EXERCISE AIM:
Pictures left aside, return the lines below exactly, from the one with "Boîte Rolling Supreme" to the end, including both ends.

[[ DATA EXTRACT, beginning ]]

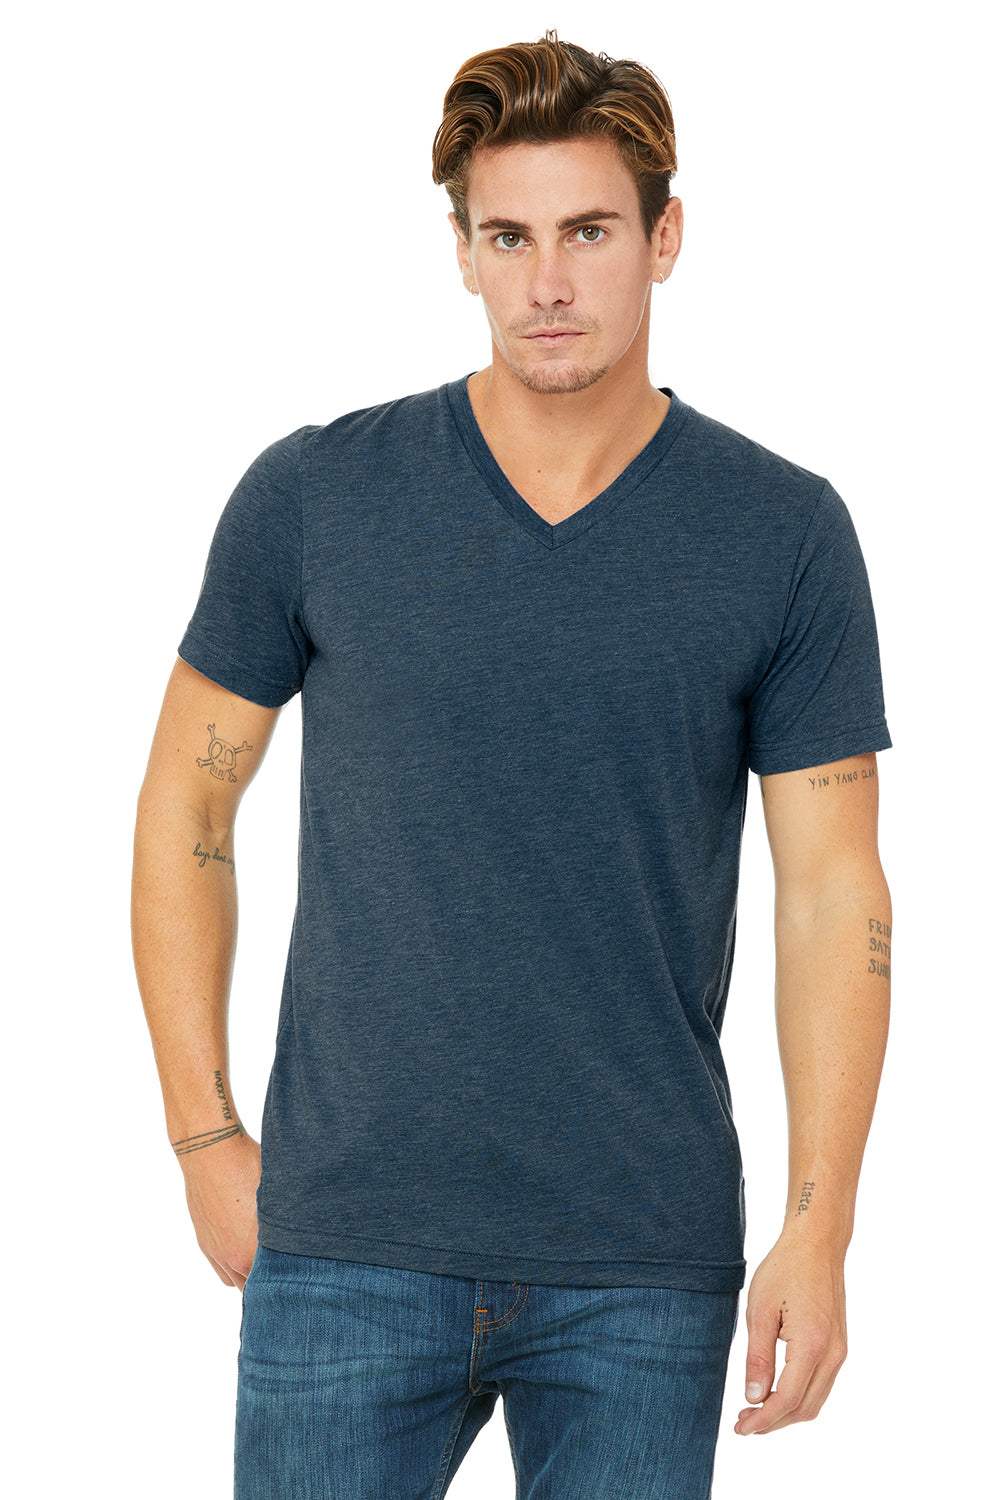 Bella + Canvas 3415C Mens Short Sleeve V-Neck T-Shirt Steel Blue Front
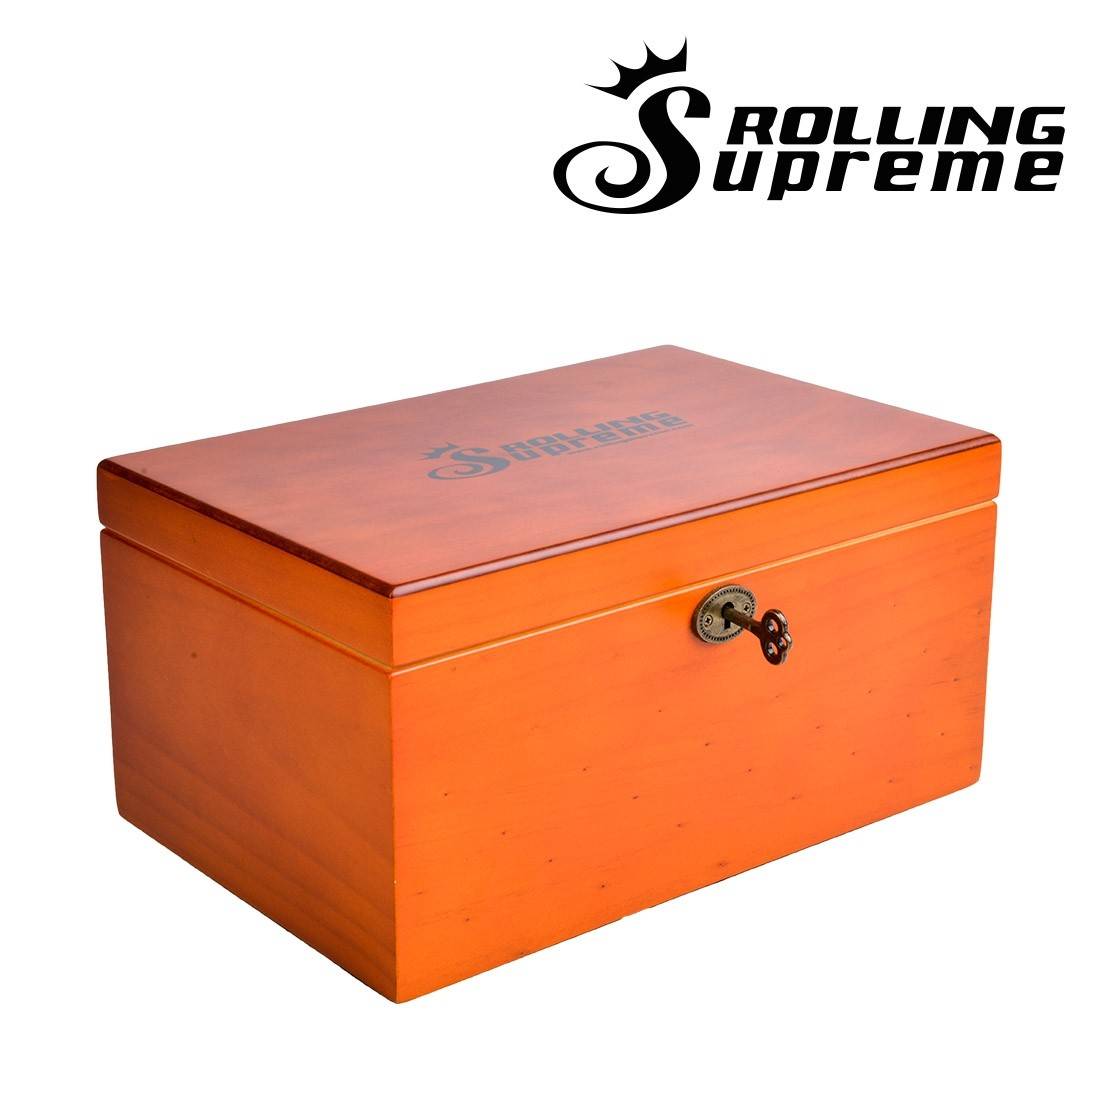 Boîte Rolling Supreme G7, disponible sur S Factory !
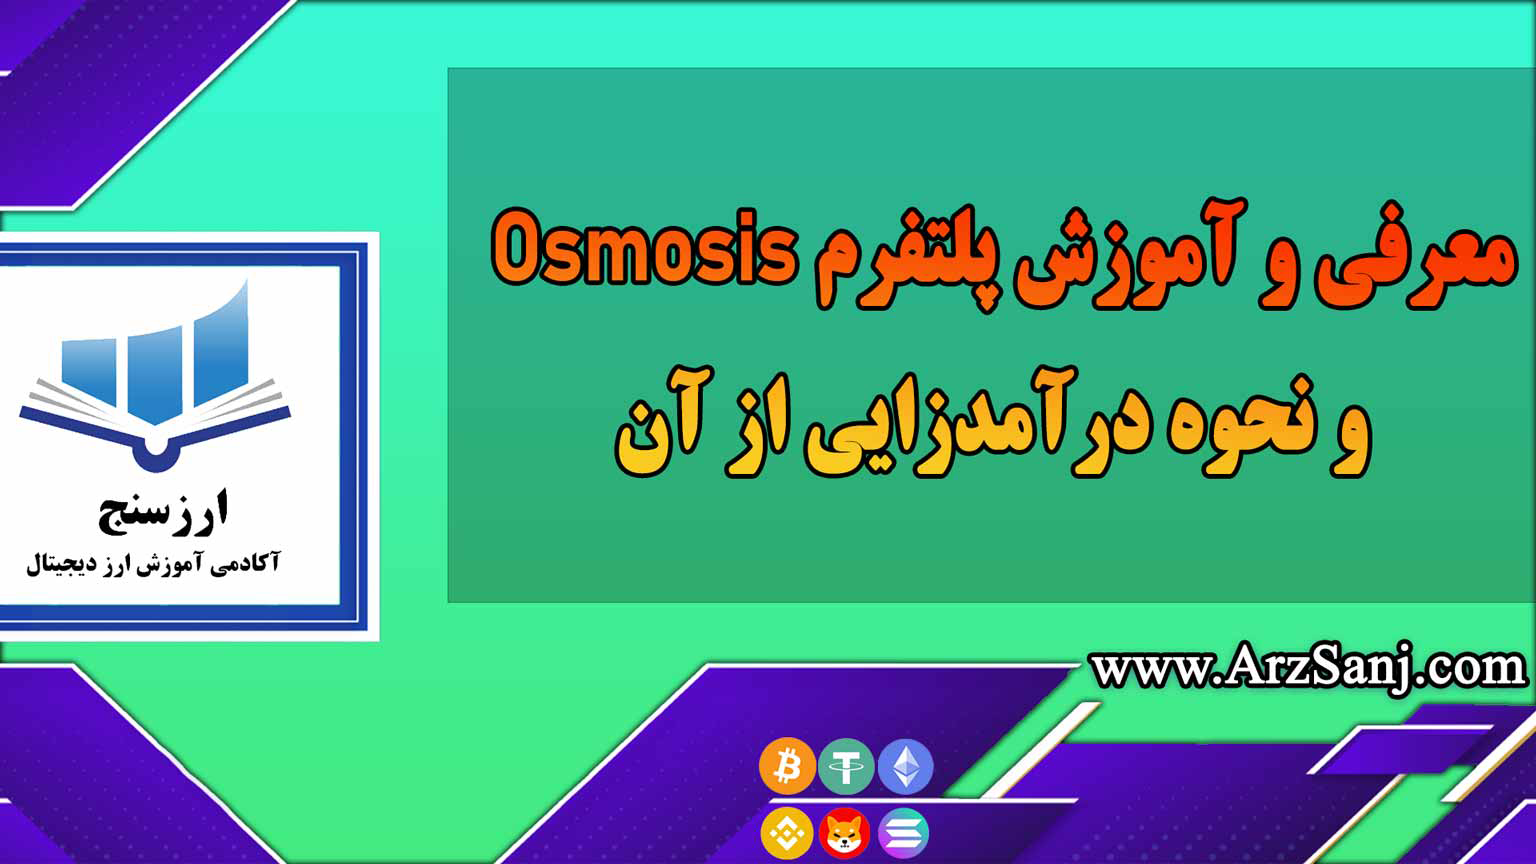 معرفی و آموزش پلتفرم Osmosis و نحوه درآمدزایی از آن

[[ DATA EXTRACT, end ]]

EXERCISE SOLUTION:
 Boîte Rolling Supreme G7, disponible sur S Factory !
 معرفی و آموزش پلتفرم Osmosis و نحوه درآمدزایی از آن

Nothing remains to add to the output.